» **What this task involves**
Within the lines below, the span from the line with "Abend Einfach Abendkleider" to the line with "Puente de Pfaffenthal", both ends included, is to be reproduced exactly, with pictures omitted.

» **The records**

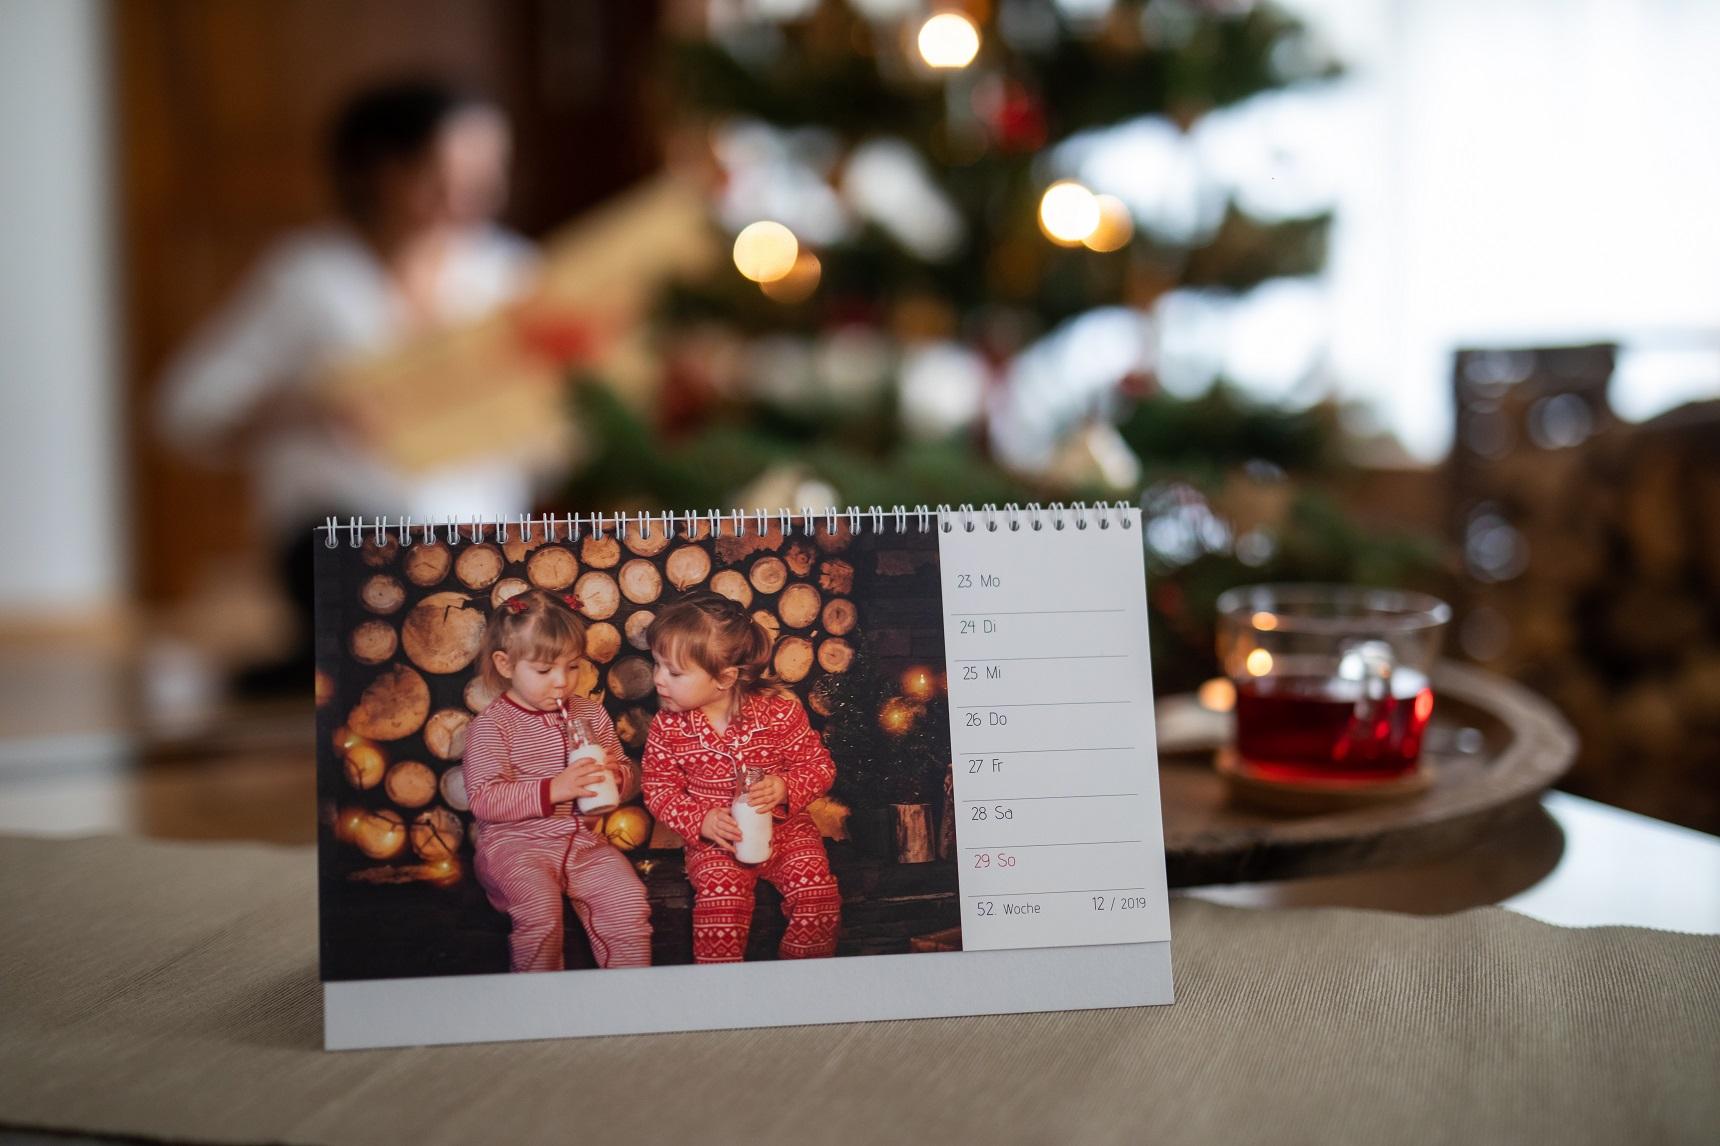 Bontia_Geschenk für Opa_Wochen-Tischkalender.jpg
==
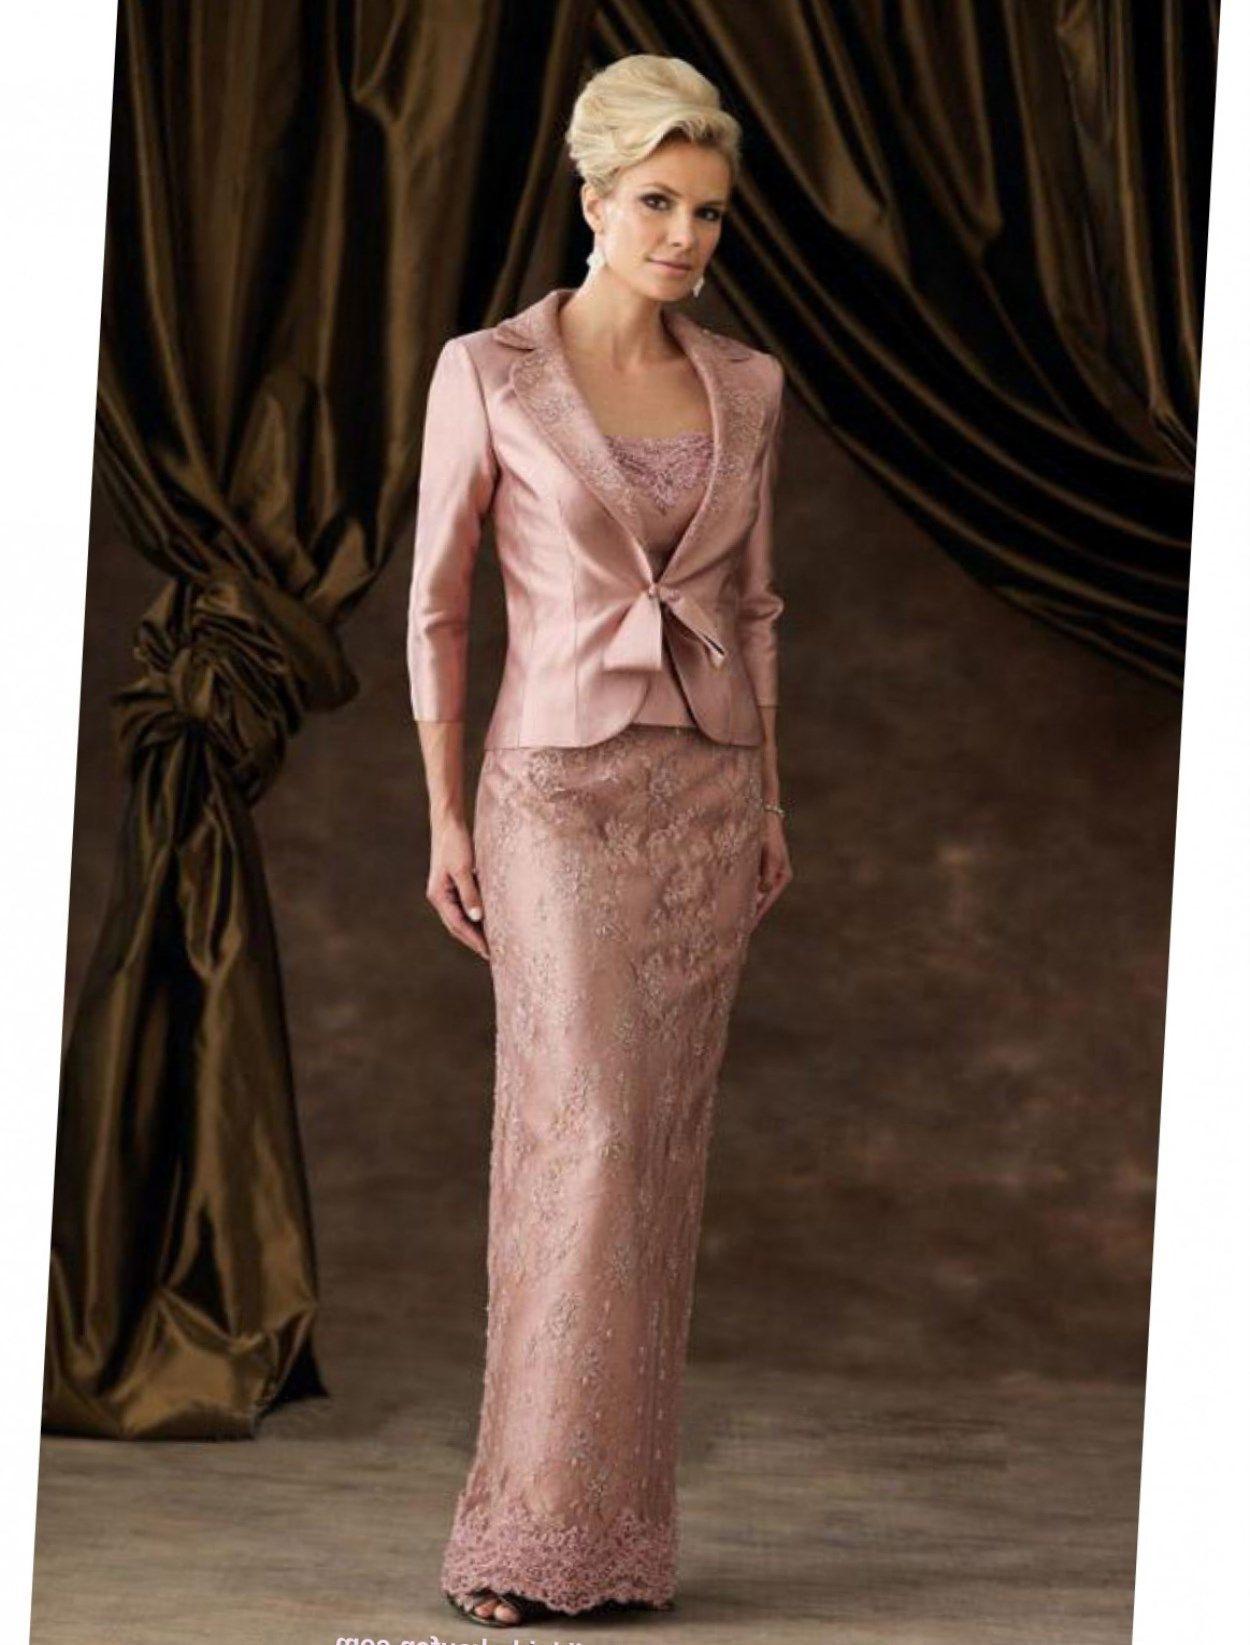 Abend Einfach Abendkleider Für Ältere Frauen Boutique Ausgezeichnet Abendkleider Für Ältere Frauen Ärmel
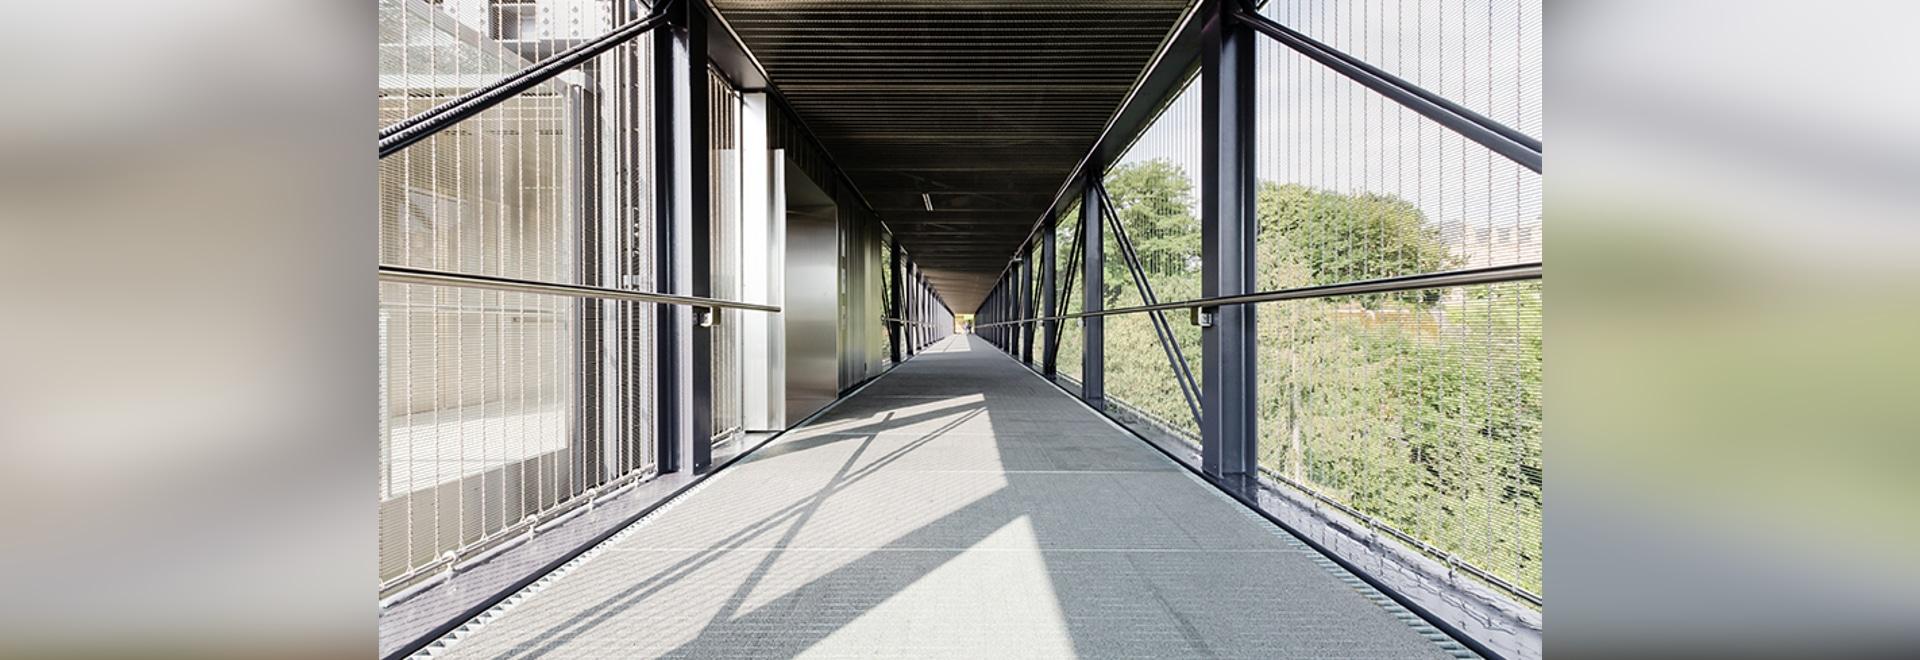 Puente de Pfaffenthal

» **Problem solution**
 Abend Einfach Abendkleider Für Ältere Frauen Boutique Ausgezeichnet Abendkleider Für Ältere Frauen Ärmel
 Puente de Pfaffenthal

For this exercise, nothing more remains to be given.